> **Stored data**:

BEGIN

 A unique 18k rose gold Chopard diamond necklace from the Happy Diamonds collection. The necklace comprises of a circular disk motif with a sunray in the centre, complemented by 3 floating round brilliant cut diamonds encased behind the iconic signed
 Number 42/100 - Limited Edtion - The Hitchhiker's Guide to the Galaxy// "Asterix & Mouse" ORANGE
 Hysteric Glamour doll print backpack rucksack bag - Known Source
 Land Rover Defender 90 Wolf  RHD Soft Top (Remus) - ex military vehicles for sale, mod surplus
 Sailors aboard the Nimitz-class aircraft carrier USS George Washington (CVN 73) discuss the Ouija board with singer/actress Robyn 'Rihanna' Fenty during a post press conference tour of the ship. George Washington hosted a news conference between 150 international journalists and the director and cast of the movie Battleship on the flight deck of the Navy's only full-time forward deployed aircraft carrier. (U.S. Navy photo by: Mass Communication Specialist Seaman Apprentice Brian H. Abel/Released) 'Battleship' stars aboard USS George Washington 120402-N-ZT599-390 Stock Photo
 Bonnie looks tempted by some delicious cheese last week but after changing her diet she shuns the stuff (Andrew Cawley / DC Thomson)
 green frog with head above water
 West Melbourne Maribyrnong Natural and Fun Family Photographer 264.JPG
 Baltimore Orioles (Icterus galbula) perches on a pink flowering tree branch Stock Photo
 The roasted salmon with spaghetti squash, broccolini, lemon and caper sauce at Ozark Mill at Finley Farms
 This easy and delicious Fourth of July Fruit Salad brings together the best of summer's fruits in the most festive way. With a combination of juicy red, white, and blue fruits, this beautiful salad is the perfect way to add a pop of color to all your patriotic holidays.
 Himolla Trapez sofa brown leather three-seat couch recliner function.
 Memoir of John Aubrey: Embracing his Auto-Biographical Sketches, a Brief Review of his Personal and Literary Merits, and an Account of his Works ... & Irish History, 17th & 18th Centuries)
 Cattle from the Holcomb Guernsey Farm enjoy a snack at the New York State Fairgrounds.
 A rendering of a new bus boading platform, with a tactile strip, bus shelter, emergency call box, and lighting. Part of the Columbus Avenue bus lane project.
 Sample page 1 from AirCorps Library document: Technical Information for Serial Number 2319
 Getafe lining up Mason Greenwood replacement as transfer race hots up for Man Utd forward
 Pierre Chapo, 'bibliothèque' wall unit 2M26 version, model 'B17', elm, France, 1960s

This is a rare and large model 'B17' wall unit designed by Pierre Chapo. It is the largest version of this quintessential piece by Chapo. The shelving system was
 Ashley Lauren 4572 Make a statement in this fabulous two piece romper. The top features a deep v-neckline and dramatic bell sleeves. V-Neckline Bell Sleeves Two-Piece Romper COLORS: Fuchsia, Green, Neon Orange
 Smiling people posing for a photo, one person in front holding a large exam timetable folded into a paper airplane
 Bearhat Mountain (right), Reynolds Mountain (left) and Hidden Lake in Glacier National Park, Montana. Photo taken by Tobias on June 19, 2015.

END

> **Description of the task**: Reproduce the records above exactly, from the first line through the line containing "green frog with head above water", and output nothing else.

> **Solution**:
 A unique 18k rose gold Chopard diamond necklace from the Happy Diamonds collection. The necklace comprises of a circular disk motif with a sunray in the centre, complemented by 3 floating round brilliant cut diamonds encased behind the iconic signed
 Number 42/100 - Limited Edtion - The Hitchhiker's Guide to the Galaxy// "Asterix & Mouse" ORANGE
 Hysteric Glamour doll print backpack rucksack bag - Known Source
 Land Rover Defender 90 Wolf  RHD Soft Top (Remus) - ex military vehicles for sale, mod surplus
 Sailors aboard the Nimitz-class aircraft carrier USS George Washington (CVN 73) discuss the Ouija board with singer/actress Robyn 'Rihanna' Fenty during a post press conference tour of the ship. George Washington hosted a news conference between 150 international journalists and the director and cast of the movie Battleship on the flight deck of the Navy's only full-time forward deployed aircraft carrier. (U.S. Navy photo by: Mass Communication Specialist Seaman Apprentice Brian H. Abel/Released) 'Battleship' stars aboard USS George Washington 120402-N-ZT599-390 Stock Photo
 Bonnie looks tempted by some delicious cheese last week but after changing her diet she shuns the stuff (Andrew Cawley / DC Thomson)
 green frog with head above water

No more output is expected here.